Mitchell High School (abbreviated as MHS), established in 1964, is a coeducational government high school located in the suburb of Blacktown, in western Sydney. Mitchell has a proud Rugby Union tradition.

The school provides public education to students from years 7 to 12. It prepares students for the Higher School Certificate (HSC) in Year 12 and the Record of School Achievement (RoSA) for those students who wish to leave school before obtaining the HSC. The school celebrated its 50th anniversary in April 2014.

== History ==

=== Proposal ===
On 3 June 1962, a new school was proposed in the Blacktown South region due to the rising population demands in Western Sydney. At the time of the proposal, only three government schools existed in the area – Blacktown Boys High School, Blacktown Girls High School and Seven Hills High School.

=== Construction ===

==== Planning ====
The school's development was divided into two sections, referred to as stage 1 and stage 2 which both included construction of the main classroom blocks: A, B, C, and D. The final sections in developing the school not included in the initial two stages were building block E, the school hall, and the current dedicated school administration office.

==== Building ====

The landscape, which the school was provided, totalled 6.3 hectares in area, which equated to a final cost of approximately £332,850 ($665,700), which also included the development of stage 1 and stage 2. The two initial stages were completed on 10 June 1964 and the students and staff expected to attend Mitchell High School were moved out of the temporary classes at a school on Hereward Highway and at Blacktown Boys High School and Blacktown Girls High School respectively that they had started the year in. Mr Frank Doyle became the first principal of the school.

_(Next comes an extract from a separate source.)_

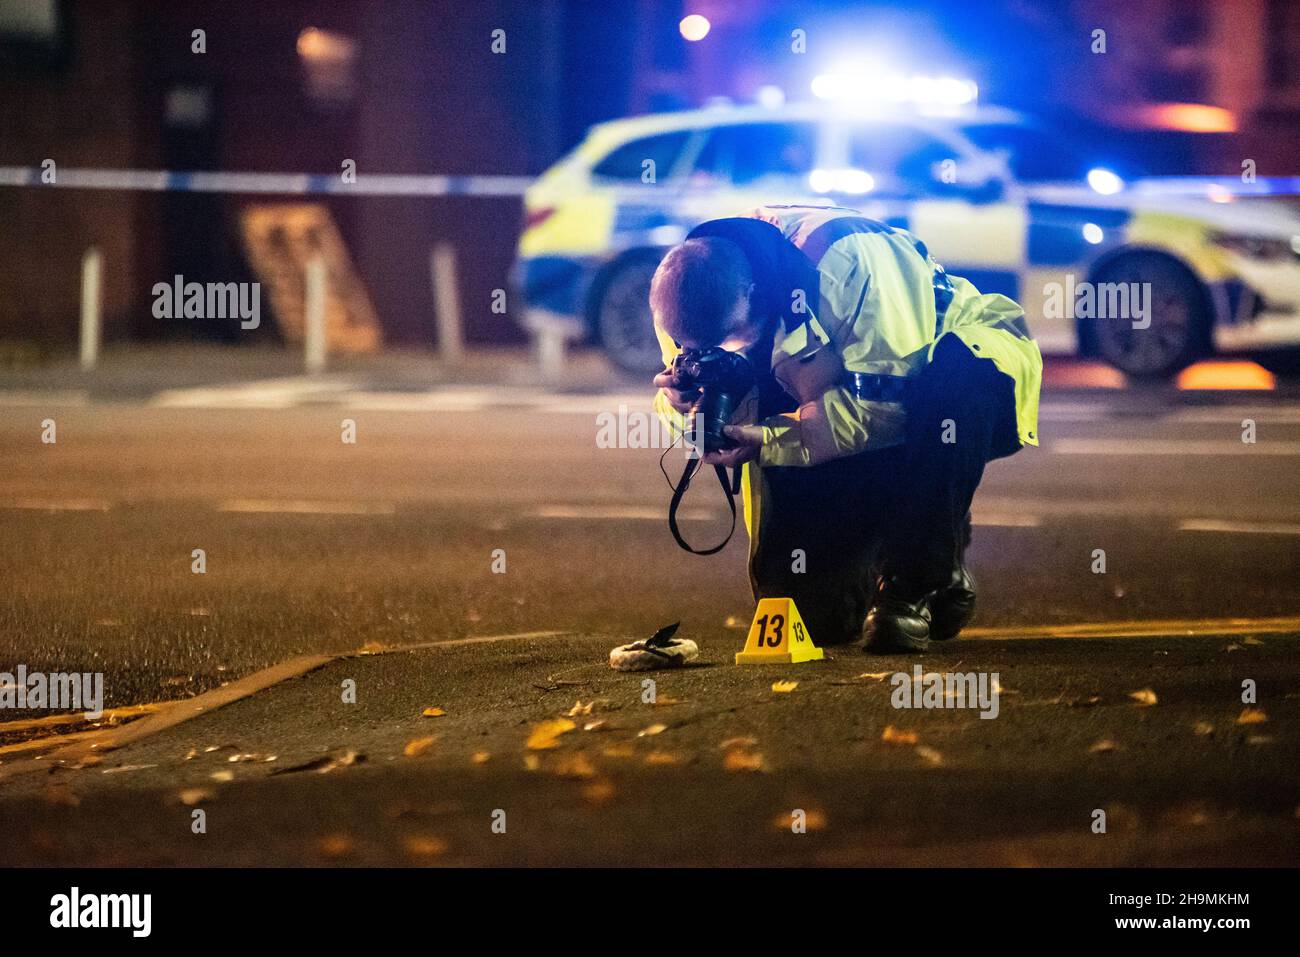 Investigador forense de colisión de la policía de West Midlands, Erdington, Birmingham fotografiando pruebas junto a un cono de evidencia numerado 13. Foto de stock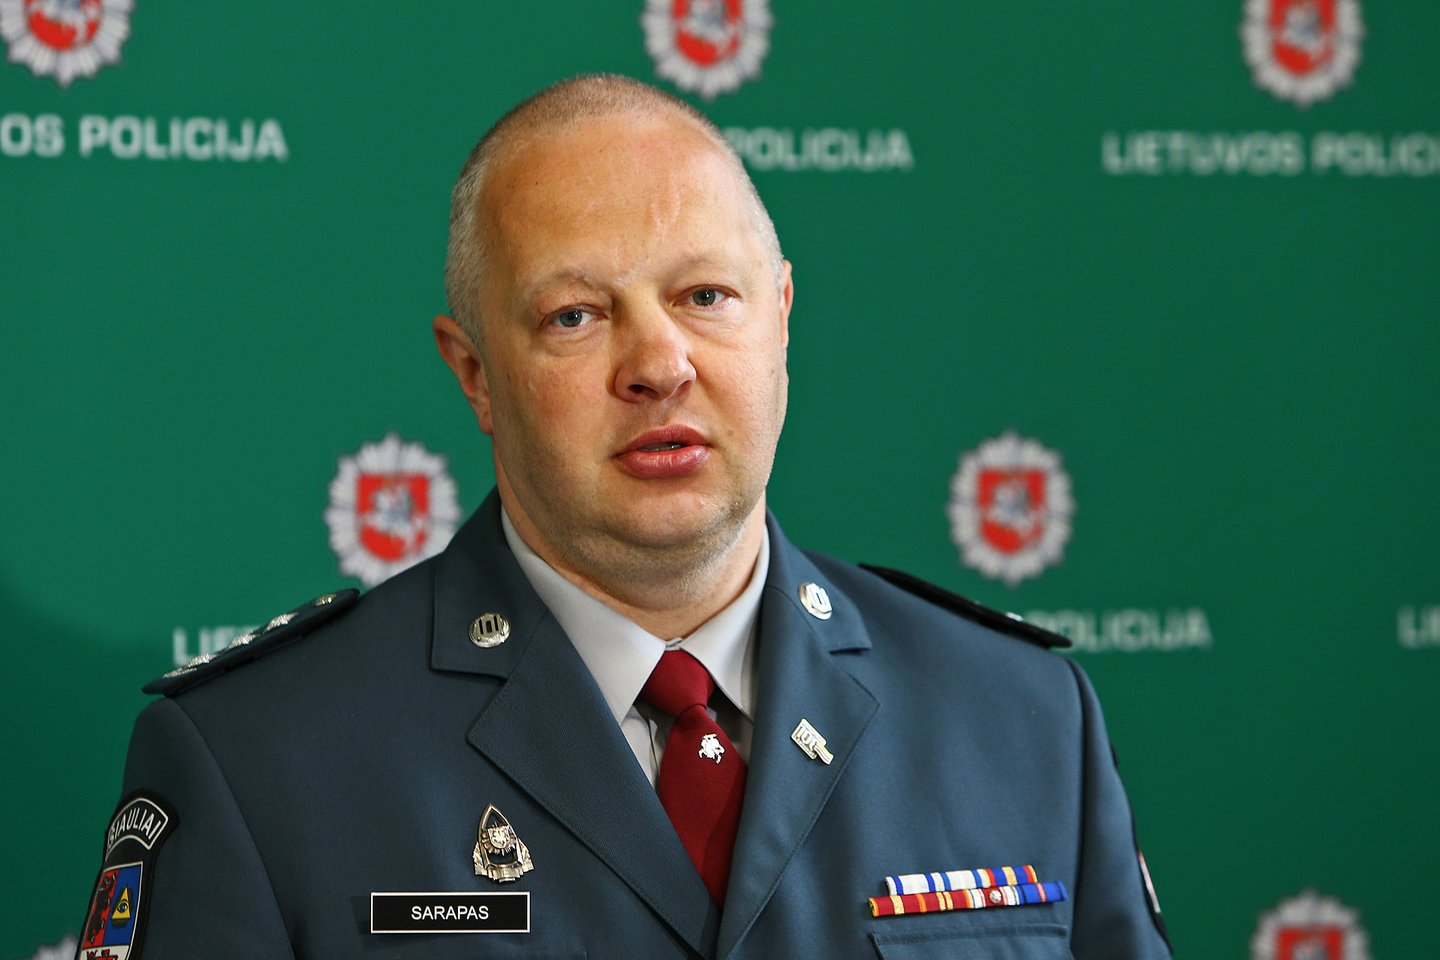  Šiaulių AVPK viršininkas R.Sarapas sakė, kad įtariamasis buvo sekamas 4 mėnesius.<br> G.Šiupario nuotr.

===== E block, school hall, and school administration office =====
Following the initial construction stages, E block was later completed in 1966 at a price of £90,738 ($181,476). The school hall was then opened on 23 December 1975, and then the current administration office was opened on 5 August 1993, moving out of the current location of the school library. There has since been a renovation of the administration building in late 2024 and finished early 2025

===== D block floor change =====
Due to the relocation of the administration office in 1993, the lower floor of the original D block was completely changed. The original foyer to the school became a performance space for dance and drama and consequently the embedded brass and marble school crest, which had been donated to the school by Mr Joseph Zarb, the original builder, was covered by the new dance flooring. A photograph of the covered marble crest currently hangs in the waiting room at the school administration office. This also resulted in the library being extended and allowed for space for more classrooms.